**Your objective:** The data below contains pictures, which are to be skipped; the lines starting at the line with "Then his heart, now" and ending at the line with "Large Parrots in" are to be output exactly, both ends included.

**Information supplied:**
[Start of section]
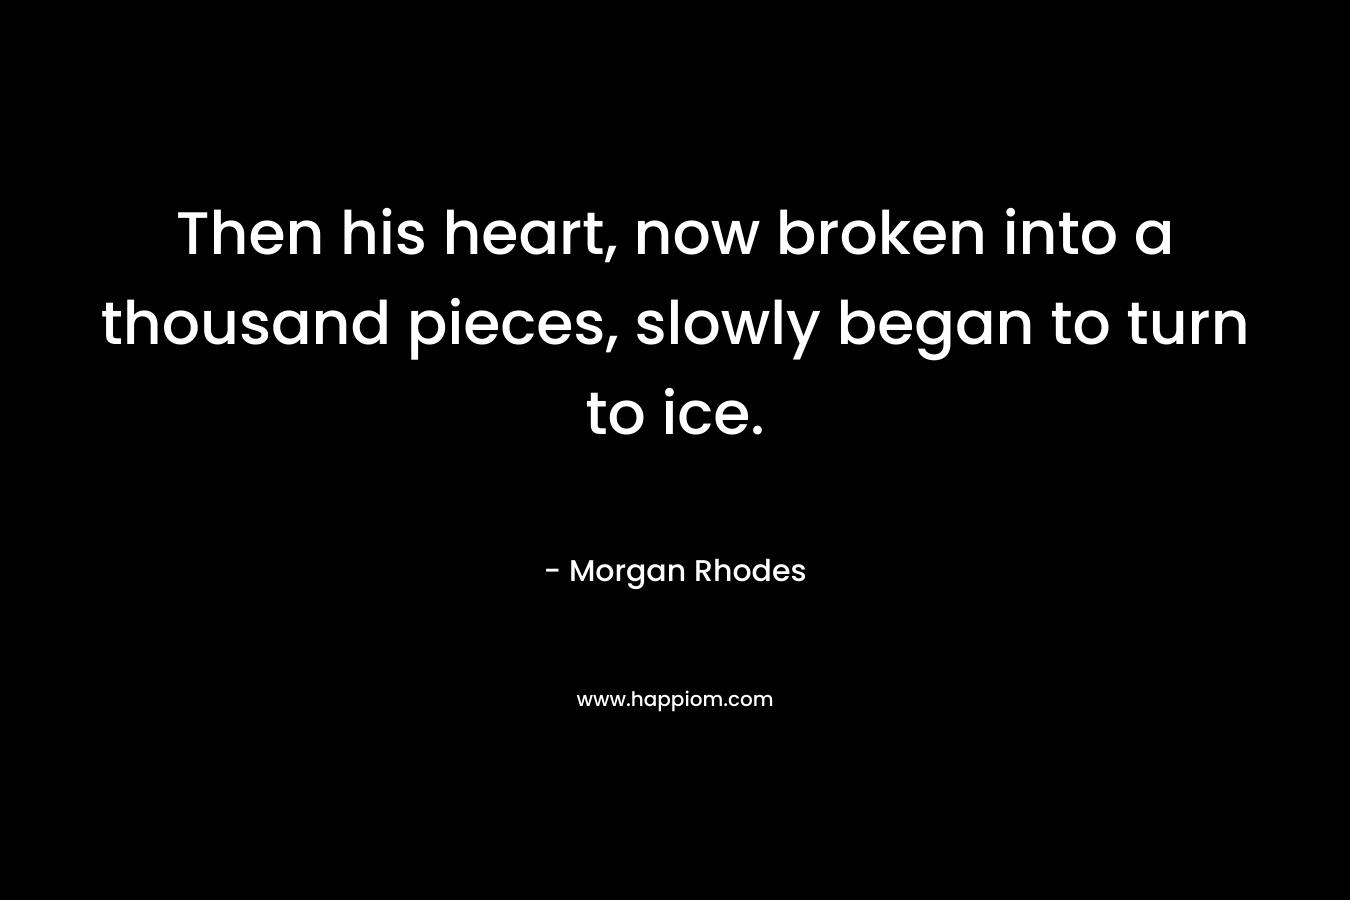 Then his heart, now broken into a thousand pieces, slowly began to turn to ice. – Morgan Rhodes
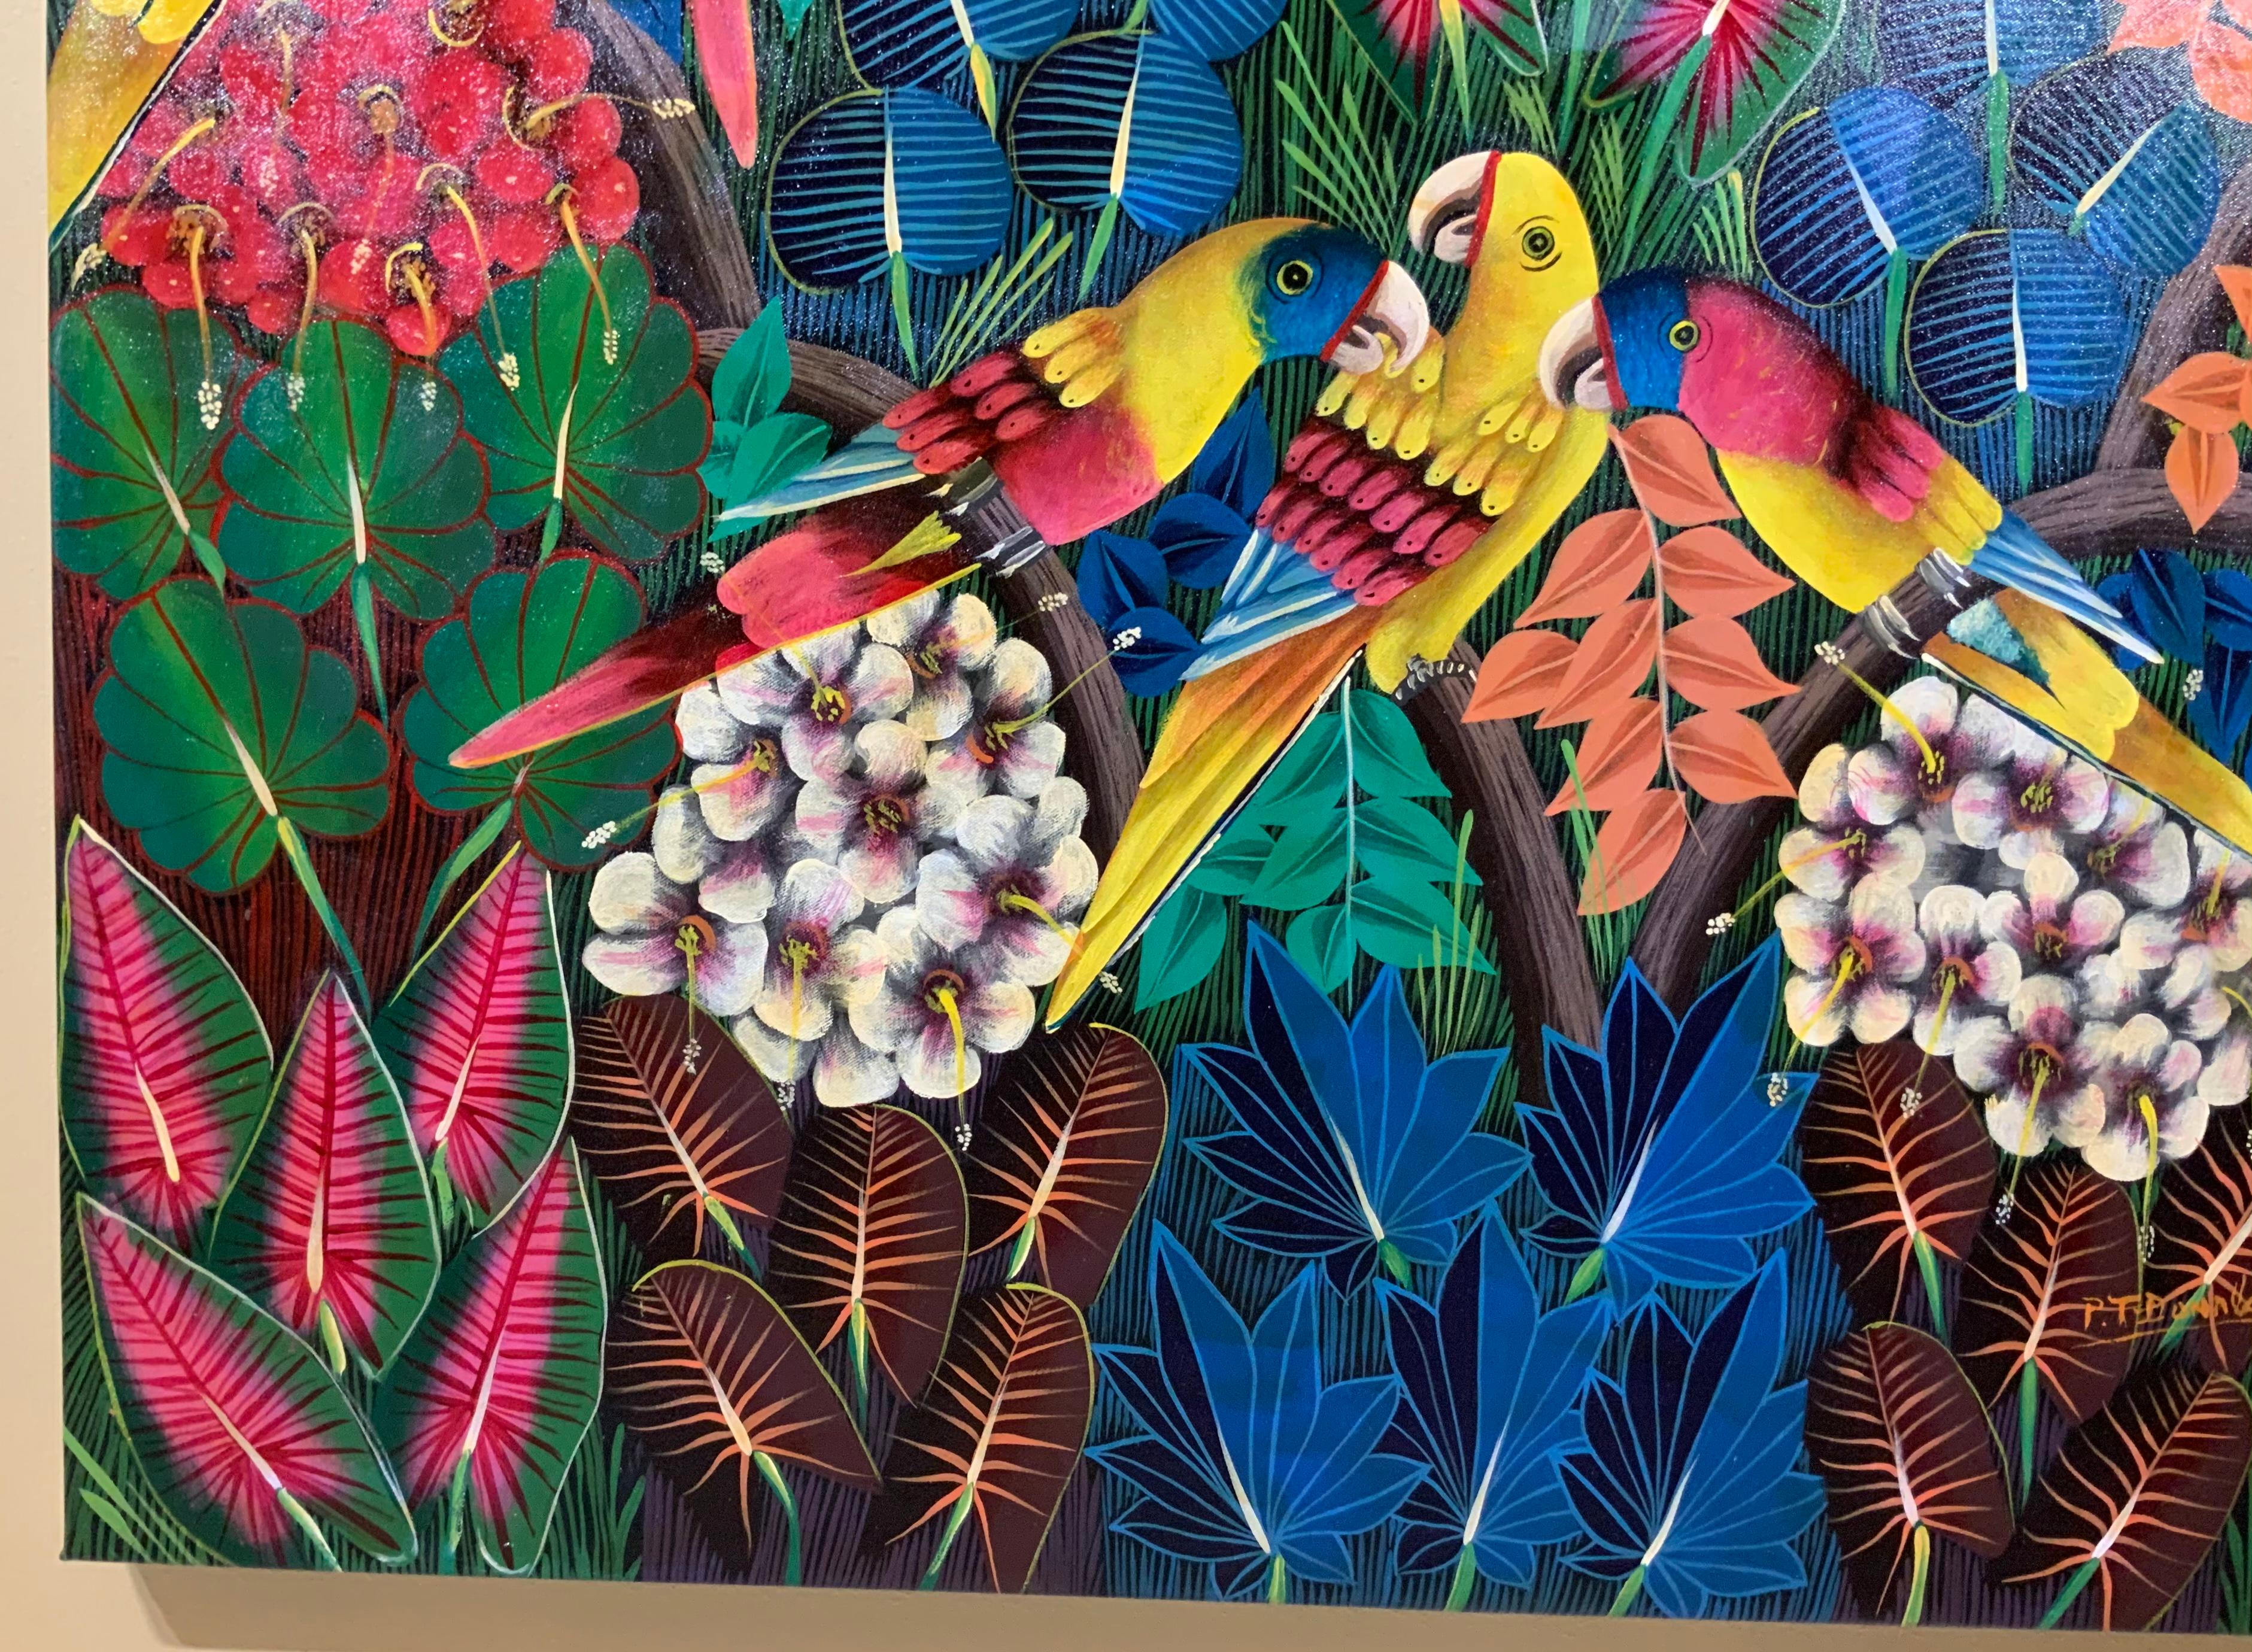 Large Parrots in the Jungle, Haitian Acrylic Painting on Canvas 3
[End of section]
[Start of section]
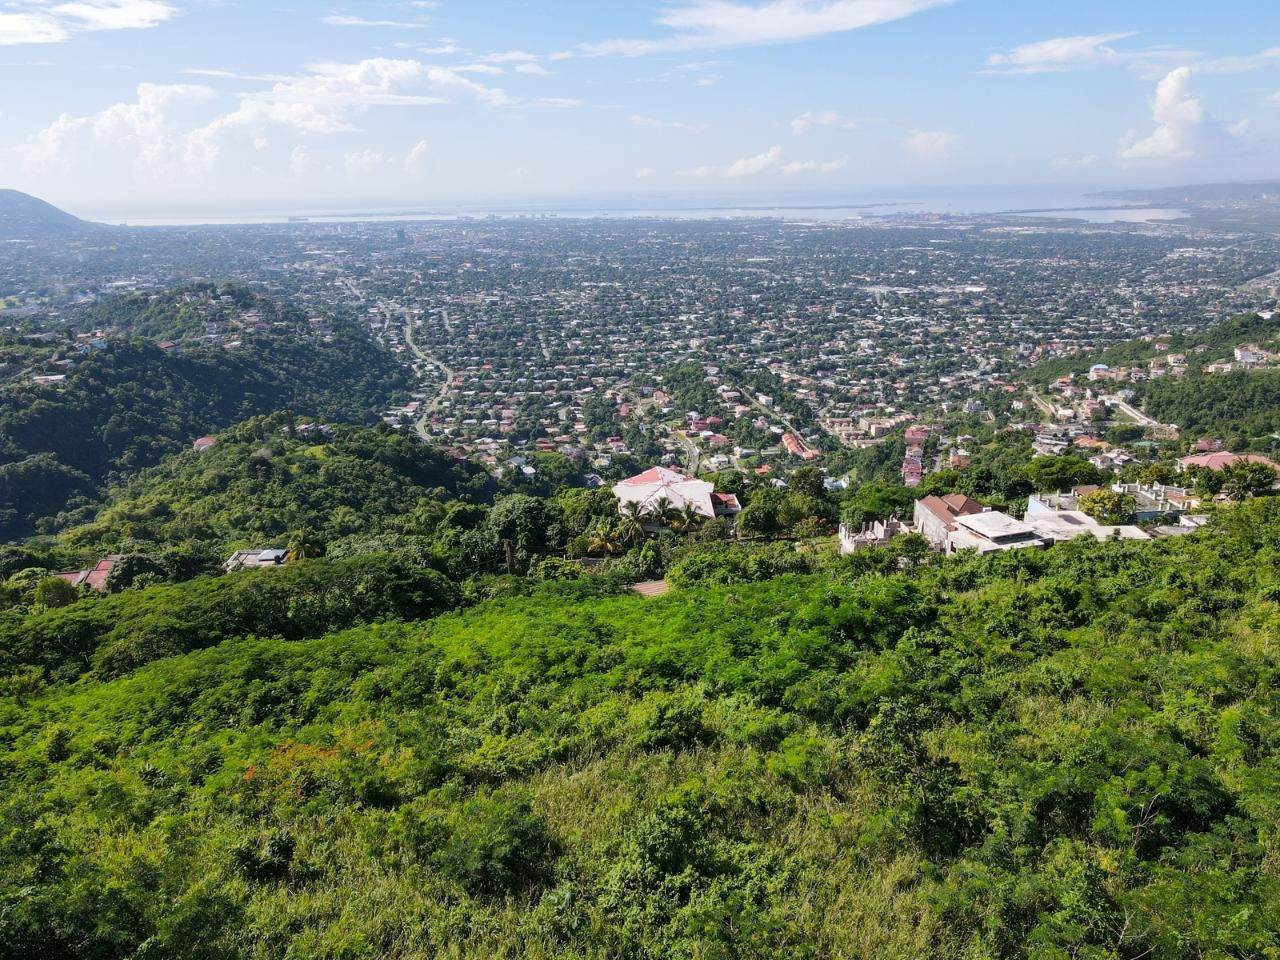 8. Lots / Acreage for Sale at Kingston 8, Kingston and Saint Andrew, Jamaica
[End of section]
[Start of section]
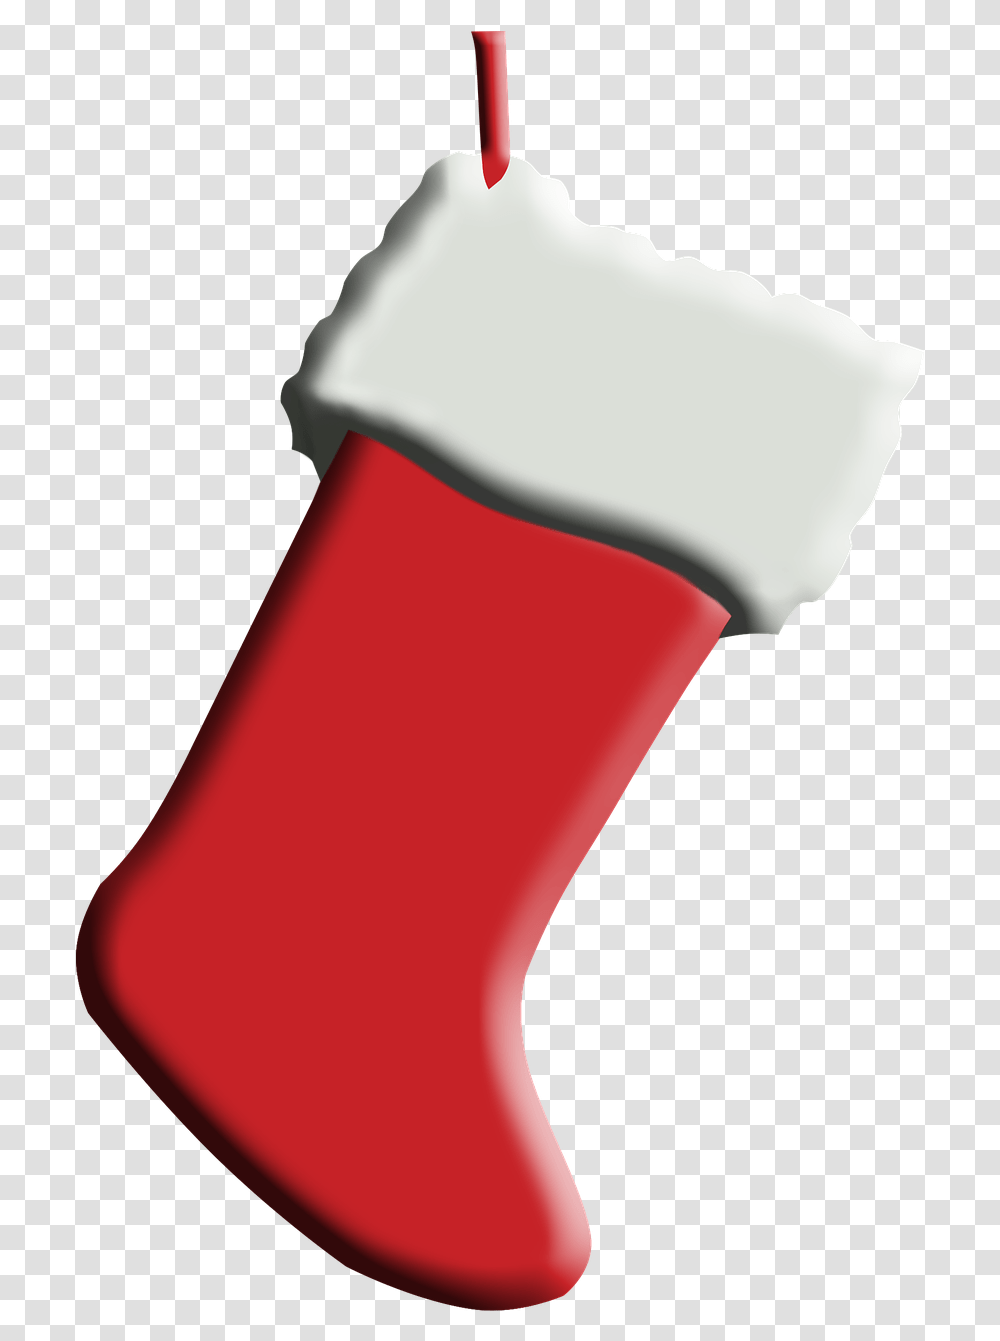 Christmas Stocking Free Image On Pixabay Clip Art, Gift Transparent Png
[End of section]
**Your solution:**
 Then his heart, now broken into a thousand pieces, slowly began to turn to ice. – Morgan Rhodes
 Large Parrots in the Jungle, Haitian Acrylic Painting on Canvas 3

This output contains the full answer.